ポールはイアンための食後のブランデーと、それから一通の手紙を持っていた。薄ピンク色の可愛らしい封筒だった。
ポールはブランデーのグラスをイアンの前に置いて、それから手紙を差し出した。
「ノーティック公爵家からこちらへ持ってこられました。旦那様宛だそうですよ」
有能な執事ポールは、一か月ほど入れ替わったイアンを「旦那様」として扱ってくれる。受け取れば、封筒の隅にティーゼの名前があって驚愕した。ティーゼが手紙をくれたのは、結婚してからはじめてのことだ。
大慌てで封を切って中を確認すると、少し丸みを帯びた可愛らしい字の羅列があらわれる。それだけでうっとりしそうだった。読み終わったら額に入れて飾ろう。
だが、ほくほく顔で文面に目を走らせたイアンは、次の瞬間大きく目を見開いて思わず立ち上がった。
「違うんだ!」
手紙相手に叫んだイアンに、ポールは驚いて目を丸くする。
「違う、違う、そうじゃなくて……!」
「旦那様、どうなさいましたか?」
ひとりあわあわしはじめたイアンに、ポールは遠慮がちに声をかけた。
イアンは手紙から顔を上げると、泣きそうな顔をポールに向ける。
ポールはイアンとティーゼの関係を知っている。サーヴァン男爵のふりをしてティーゼに会っている理由も知っている。イアンは逡巡したのち、黙ってポールに手紙を差し出した。

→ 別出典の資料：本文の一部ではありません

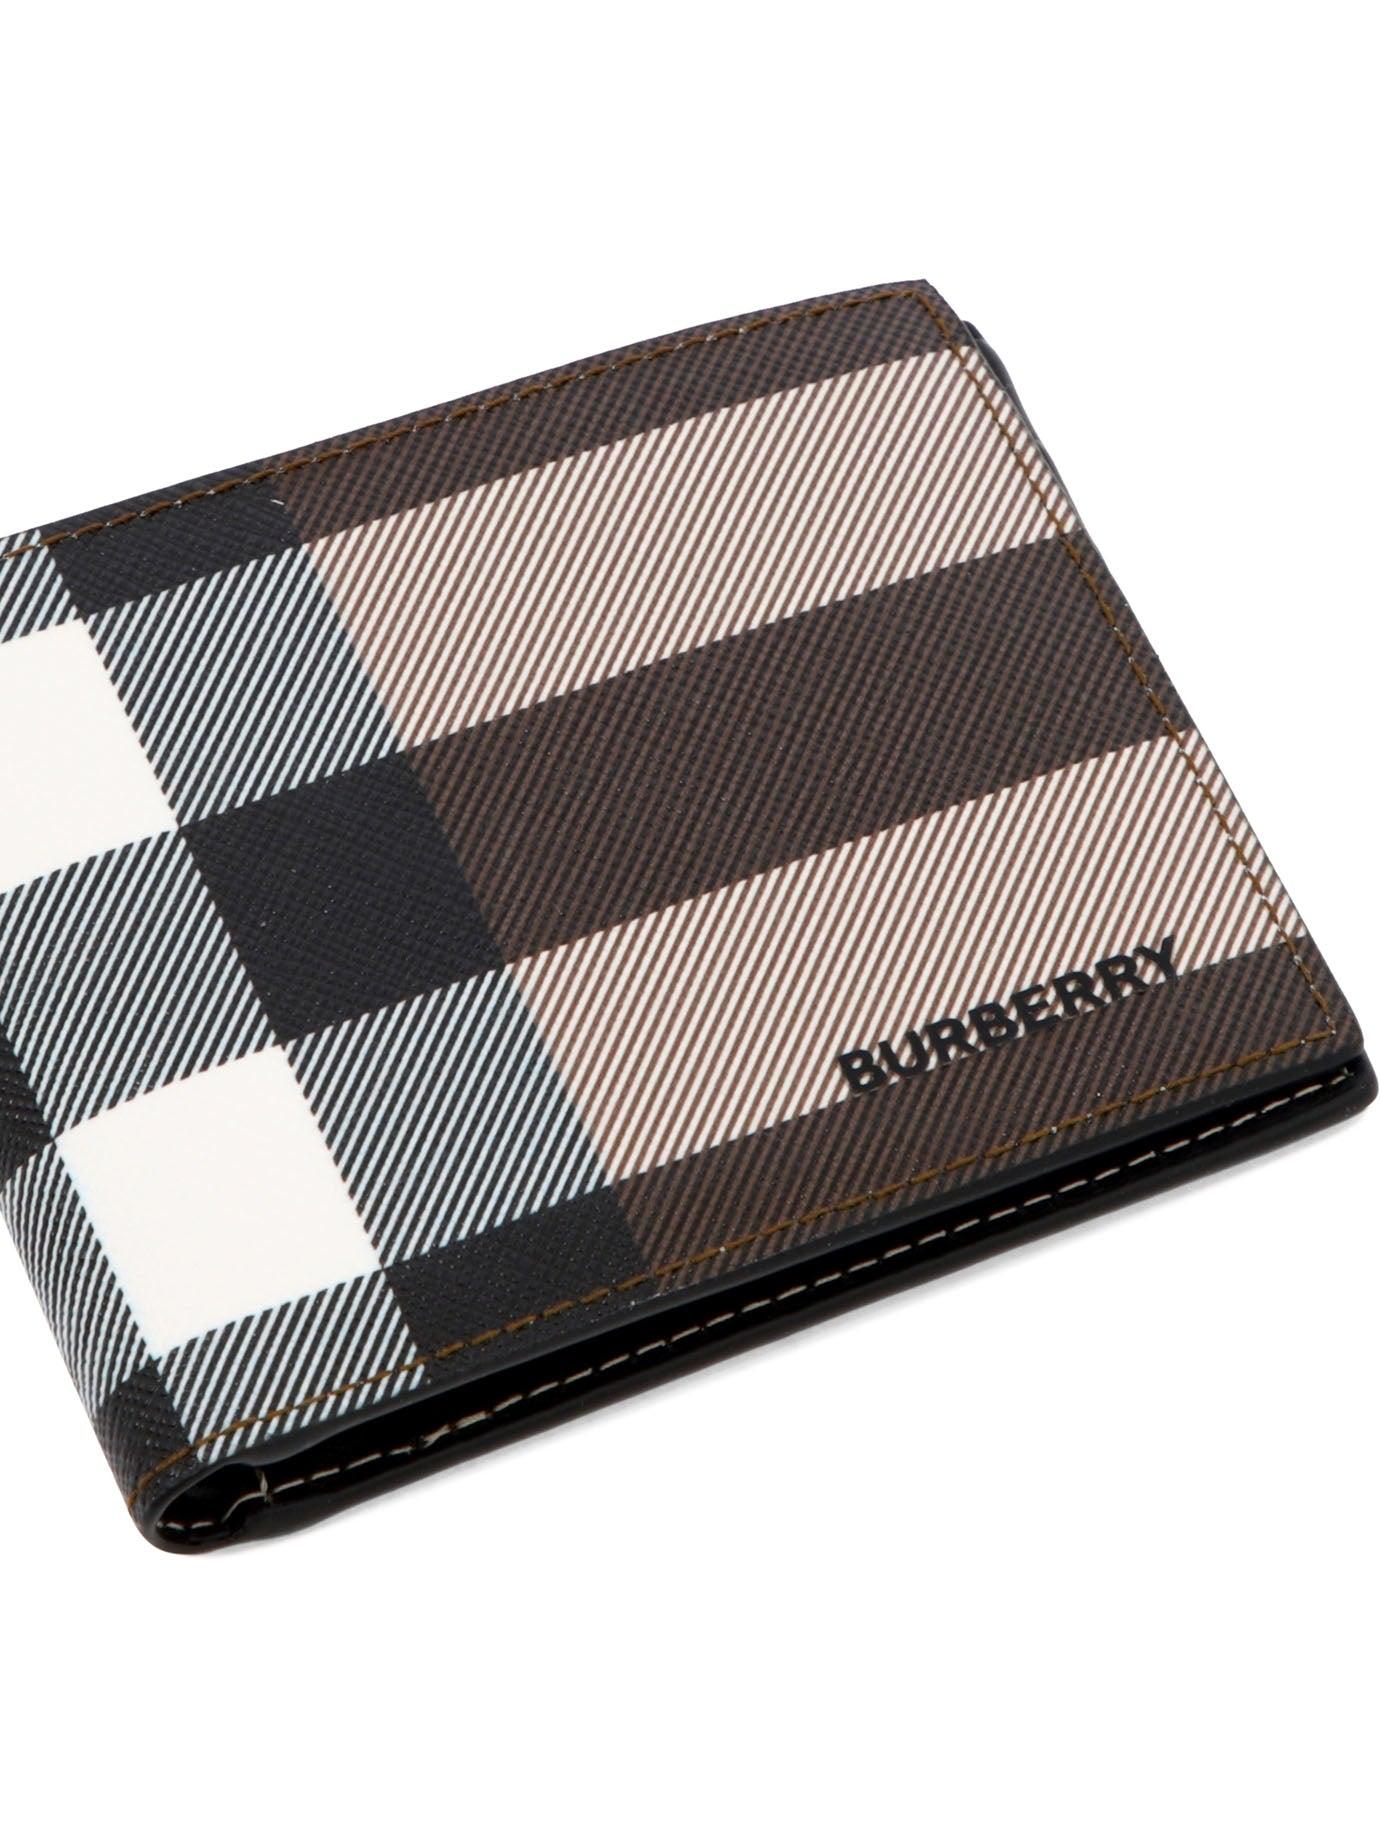 Burberry "hipfold" Wallet in Brown (White) for Men - Save 24% | Lyst

ポールは手紙に視線を這わせた後で、「おやおや、困りましたね」と苦笑した。
ティーゼの手紙には、どうして弟のハーノルドには会うくせに妻であるティーゼには会おうとしないのか、それから、会いたくないほど嫌っているくせにどうして結婚する気になったのかという不満がかなりストレートな表現で書かれていた。これが青くならずにいられるだろうか。
(嫌っていないのに!)
何より重要な点はここである。ティーゼはイアンに嫌われていると思っているらしい。由々しき事態だ。
おろおろしていると、ポールが手紙をテーブルの上に置いて、書斎机からレターセットとペンとインクを持ってきた。
「旦那様。僭越ですが、ノーティック公爵夫人……いえ、ここはあえて奥様と呼ばせていただきますね。奥様が誤解をするのも無理はないかと思われますよ」
「だが!」
「ええ、もちろん事情は存じ上げております。ですがひとまず、奥様の誤解を晴らさなくてはなりません。さあさあ、おろおろしていてもはじまりませんからね。こういうものは早いうちがいいのです。奥様へお返事を書きください」
「だ、だが……」
「書きにくいことは書かなくても問題ございません。ただ、奥様の考えは誤解であること、奥様の弟君に会っていた理由などを書けばよろしいでしょう。余計な嘘をついてはかえってよくありませんからね。書けることだけを正直に書けばよろしいのです。それで納得しなければ、きっとまた奥様からお返事が来るはずですからね」
イアンはポールからペンを受け取りながら頷いた。サーヴァン男爵のふりをしていることで、すでにティーゼに嘘をついてしまっているが、これ以上の嘘は重ねたくない。
イアンはペンにインクをつけて、何十分も悩みながら、何とか便せん一枚の手紙を書き終えたのだった。